Introspectively ruinous: the Pink Floyd lyric inspired by pure destruction

While touring for the 1977 album Animals, Pink Floyd frontman Roger Waters had grown tired of the live experience. What was once a sacred relationship between the band and the audience only a few years earlier had been corrupted by corporate swill, bloated egos, and an ever-unruly crowd seemingly less interested in the music playing before them.

Waters’ contempt reached such an apex he leaned over to a rowdy group at the front of their Montreal Olympic Stadium show and spat at them. Shocked by his own behaviour, Waters expressed to producer Bob Ezrin a growing alienated desire to construct a wall between himself and the audience. The conceptual seeds for their next album were planted there and then.

Released in November 1979, Pink Floyd’s double LP rock opera The Wall marked the last of the classic album run and the first with Waters firmly at the creative helm. An amalgamation of himself and former band songwriter lost to mental health issues Syd Barrett, The Wall explores protagonist rock star Pink’s psychological collapse at the height of fame—a lifetime’s suppression of childhood trauma, artistic disillusionment, and building perceptions of failure all helping construct the psychological wall around him. As hubris and narcissism begin to threaten his marred ensconcement, his inner guilt tears down the psychological fortifications and forces Pink to engage with the outside world.

It could have been a cumbersome, self-absorbed bore, but thankfully, The Wall boasts some of Pink Floyd’s finest material. From David Gilmour’s earth-shattering solo on ‘Comfortably Numb’, ‘Goodbye Blue Sky’s haunted folk ruminations, and ‘Young Lust’s raucous funk, Floyd’s 11th studio effort boasted a musical scope that matched its lofty narrative ambitions without ever lapsing into theatrical bludgeoning. They also scored their most successful single, ‘Another Brick in the Wall (Part 2)‘, reaching number one on the UK and American charts.

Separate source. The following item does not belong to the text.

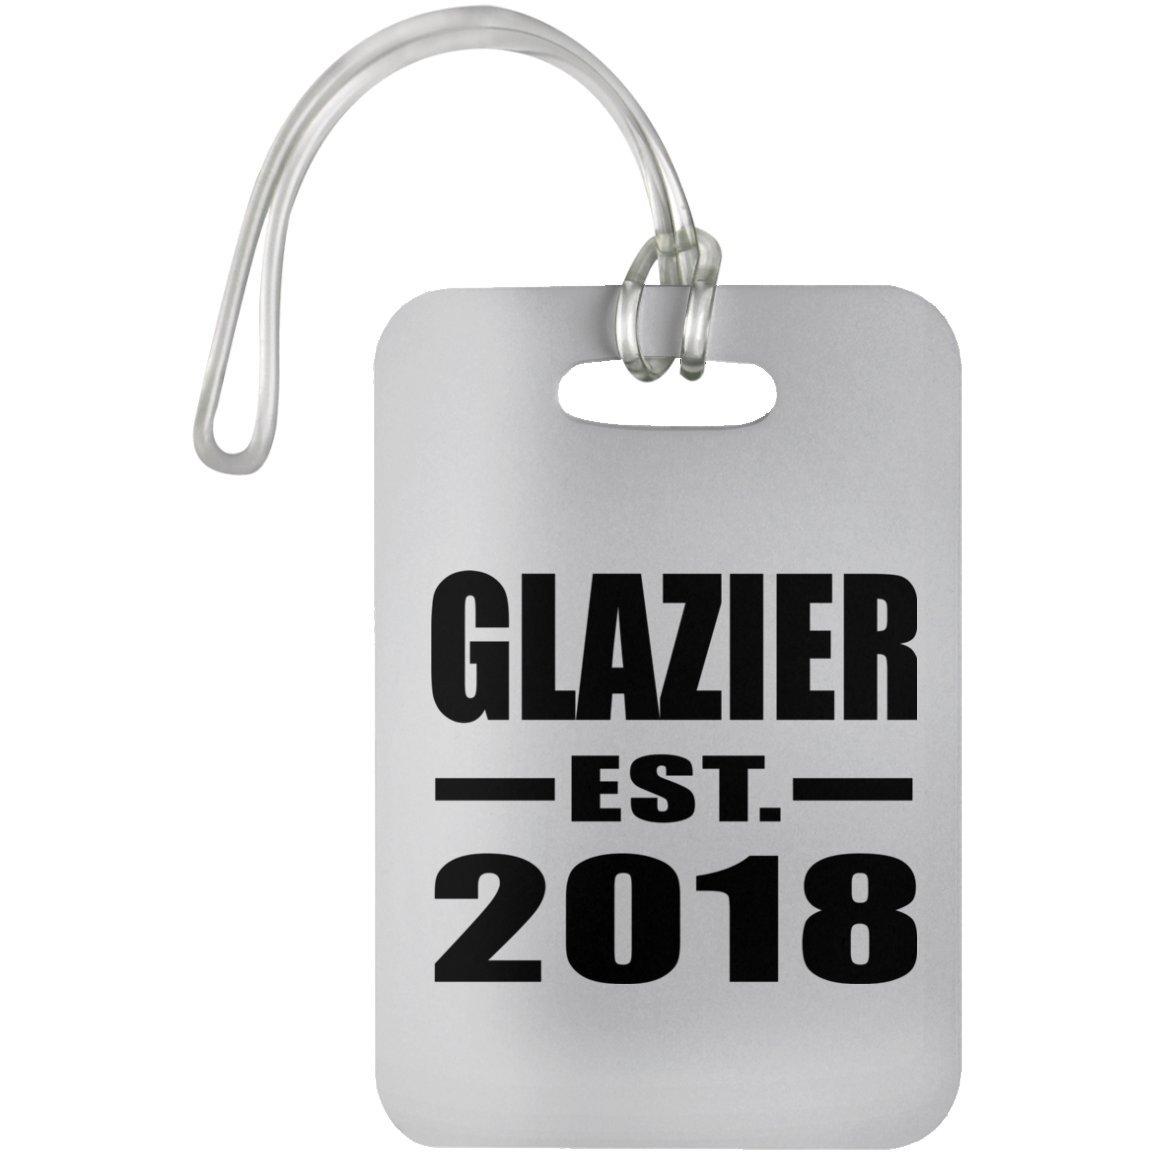 Designsify Glazier Established EST. 2018 - Luggage Tag Étiquette de Valise Croisière Valise Baguage - Cadeau pour Anniversaire Fête des Mères Fête des Pères Pâques

Pink’s descent into fascistic hatred spells his lowest spiritual ebb, yet The Wall‘s violent crescendo is scored by ‘One of My Turns’. Having invited a groupie back to his hotel room having discovered his wife’s infidelity, Richard Wright’s eerie keys illustrate Pink’s numbed disconnect amid the girl’s come-ons and garbled TV that buzz in the background. Flashing into a fit of wounded rage, Gilmour’s hard rock attack breaks the icy catatonia as Pink trashes his room and violently hints at suicidal ideation, the girl running away and forcing Pink back into his self-imposed isolation.

Male rage, poor emotional regulation, and a childish need for comfort fuelling toxic behaviour places Pink among the many men who litter the music industry—and broader society—to this day. ‘One of My Turns’ starkly explores how violence swells and stews to a violent snap, often straddling fear as much as anger, the destruction of his hotel room and the frightening of people around him a candid illustration of his state of mind.

Further entrenched into the popular imagination by its feature in 1982’s Pink Floyd – The Wall movie, ‘One of My Turns’ stands among Pink Floyd’s most explosive and introspectively ruinous cuts in their entire oeuvre.